What is required ▸
In the entries below, begin at the line that has "Adper Scotchbond Etchant" and stop after the line that has "Holzspielzeug Xylophon Musikspielzeug"; output those lines exactly, leaving out pictures.

Data for this exercise ▸
::::
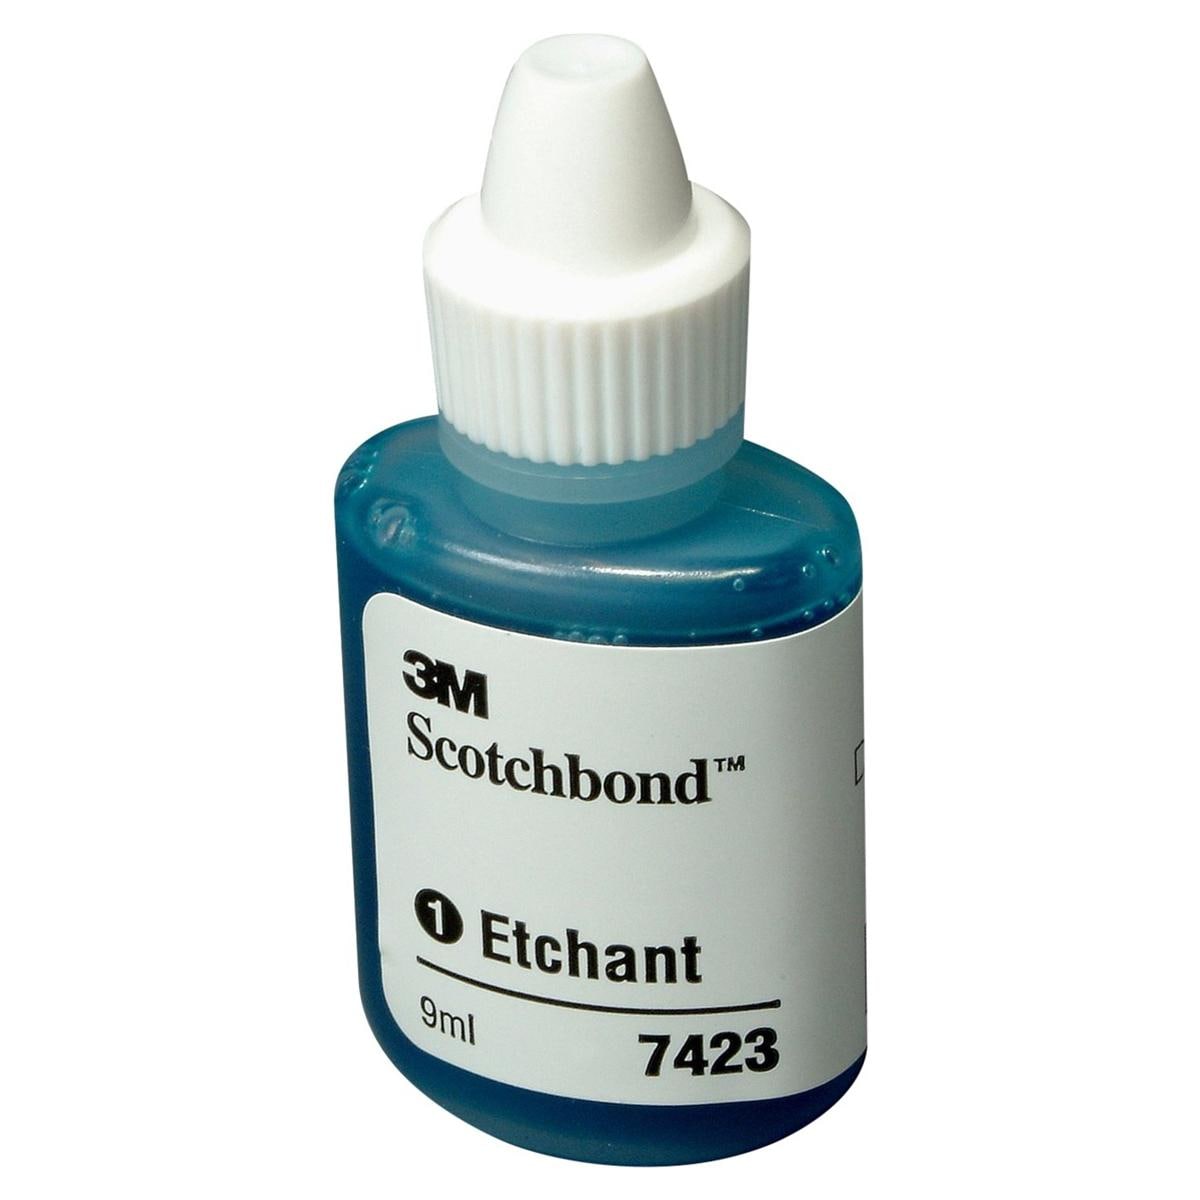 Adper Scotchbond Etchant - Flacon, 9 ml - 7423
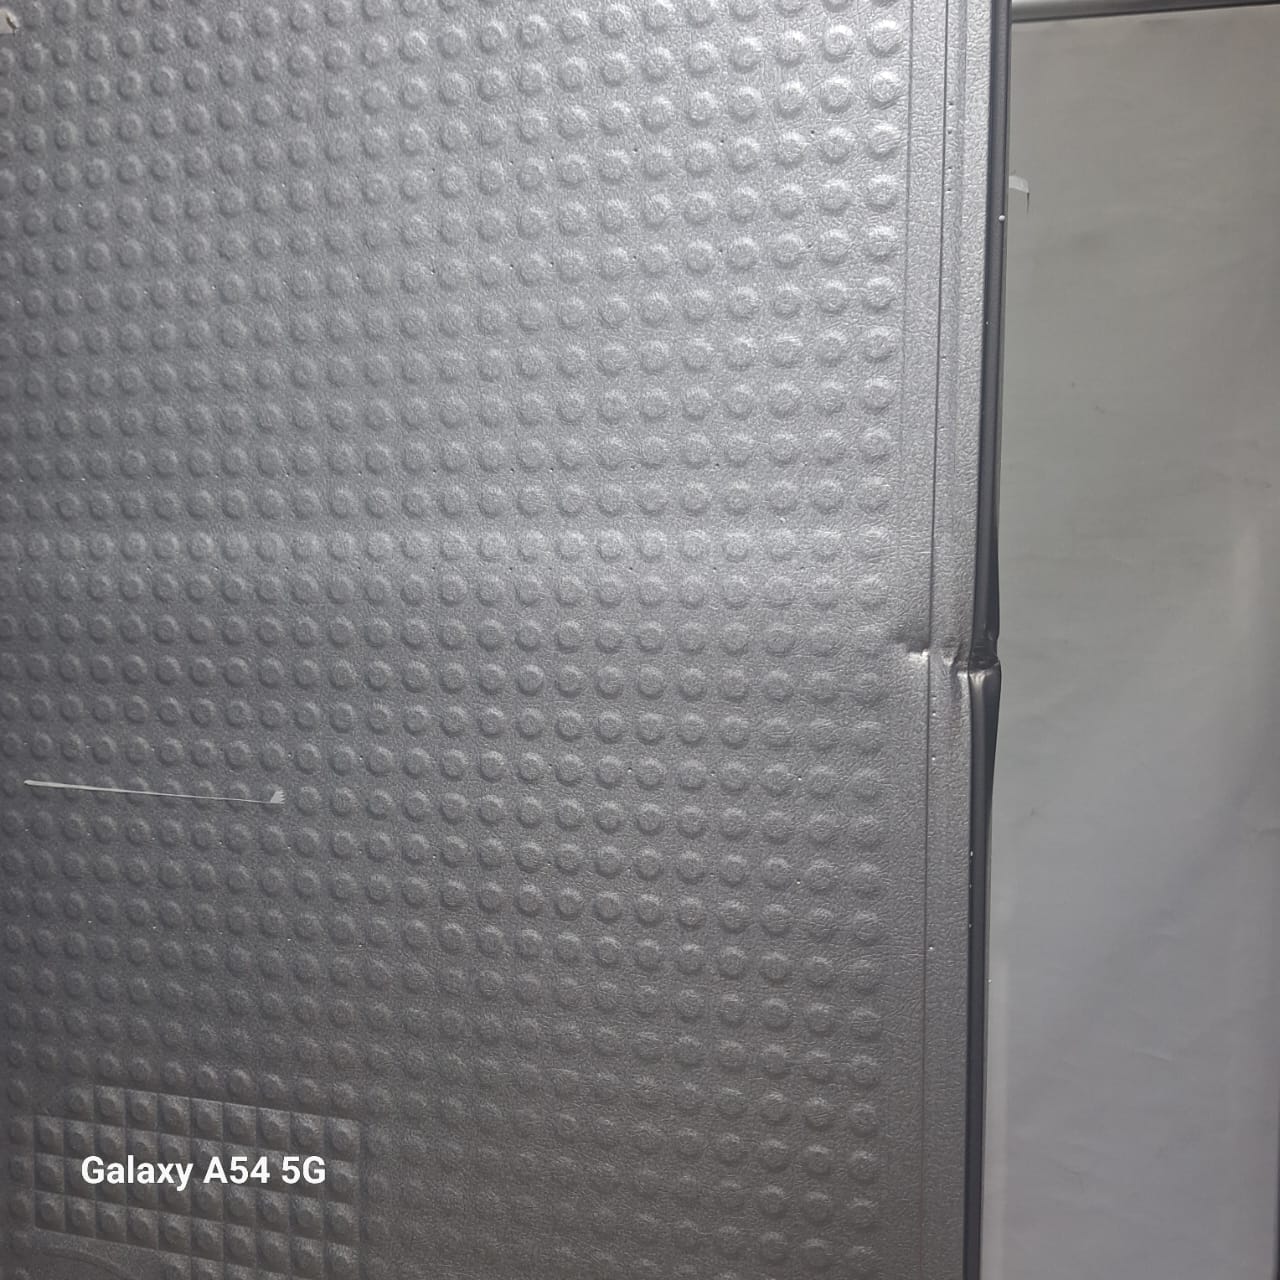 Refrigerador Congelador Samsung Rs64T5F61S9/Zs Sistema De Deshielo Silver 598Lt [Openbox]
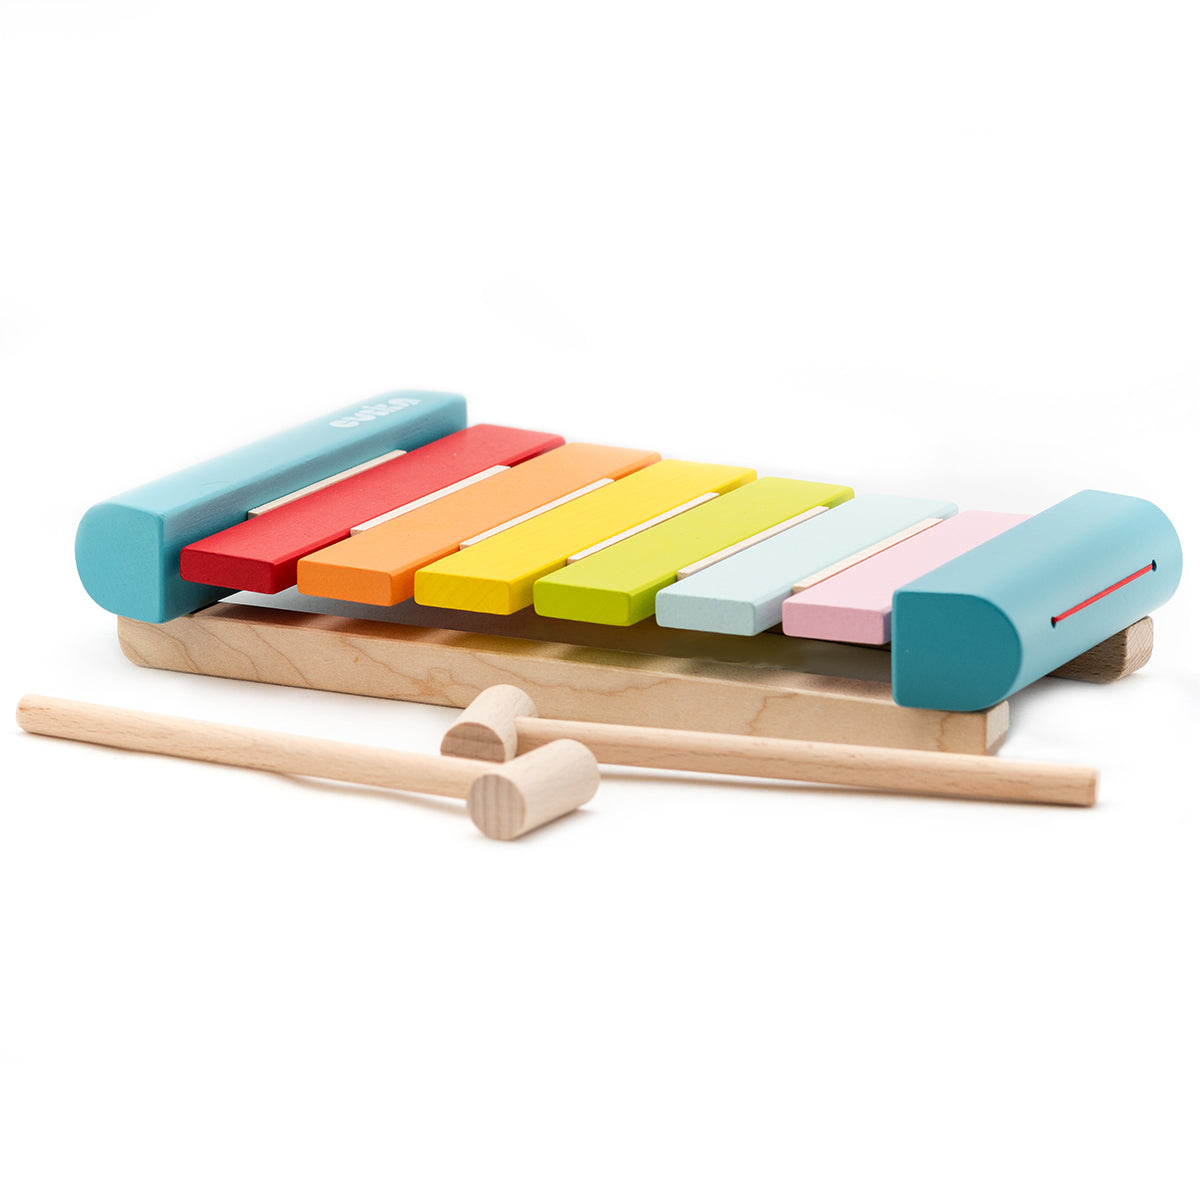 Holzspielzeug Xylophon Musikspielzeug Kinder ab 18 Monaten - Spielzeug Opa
::::
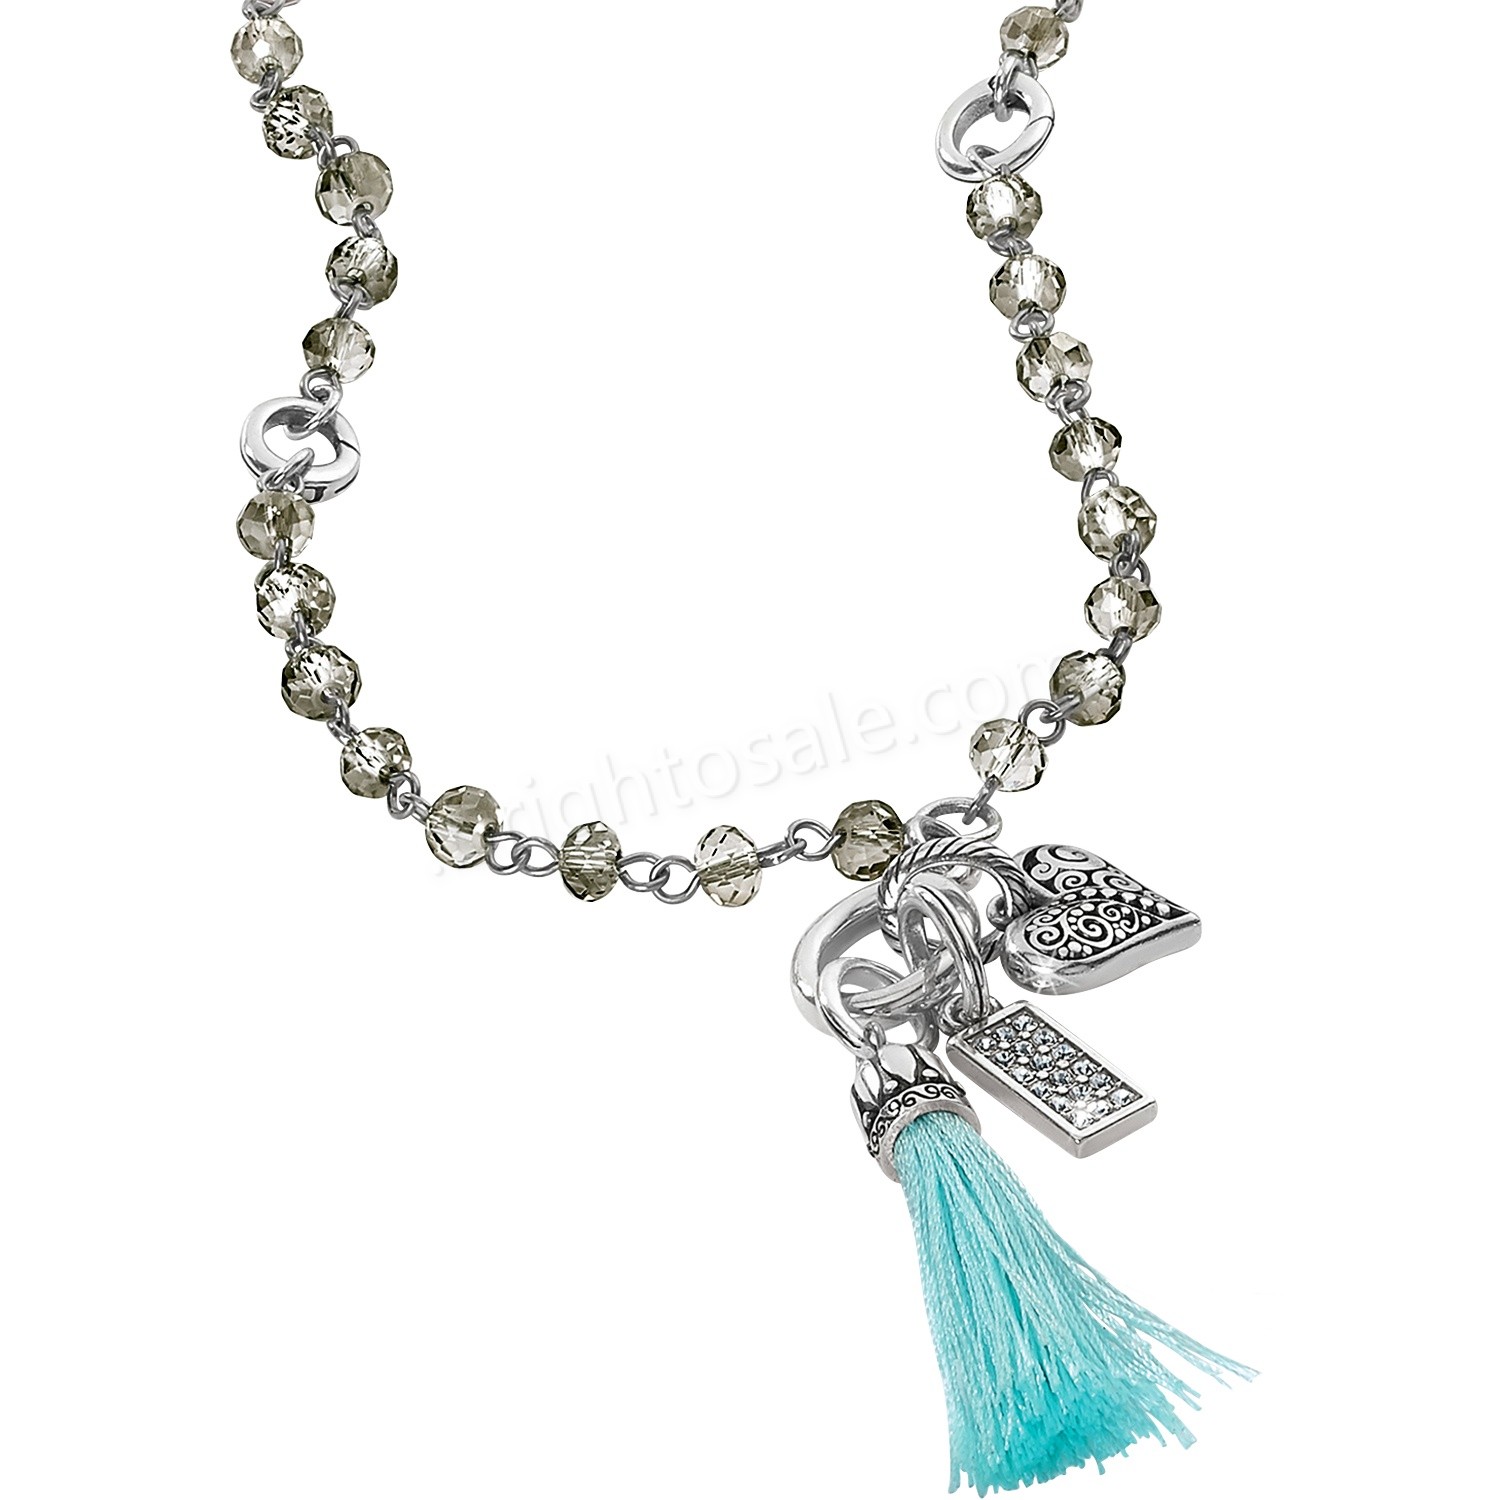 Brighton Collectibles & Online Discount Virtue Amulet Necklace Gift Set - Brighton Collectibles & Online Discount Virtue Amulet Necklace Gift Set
::::
Answer below ▸
 Adper Scotchbond Etchant - Flacon, 9 ml - 7423
 Refrigerador Congelador Samsung Rs64T5F61S9/Zs Sistema De Deshielo Silver 598Lt [Openbox]
 Holzspielzeug Xylophon Musikspielzeug Kinder ab 18 Monaten - Spielzeug Opa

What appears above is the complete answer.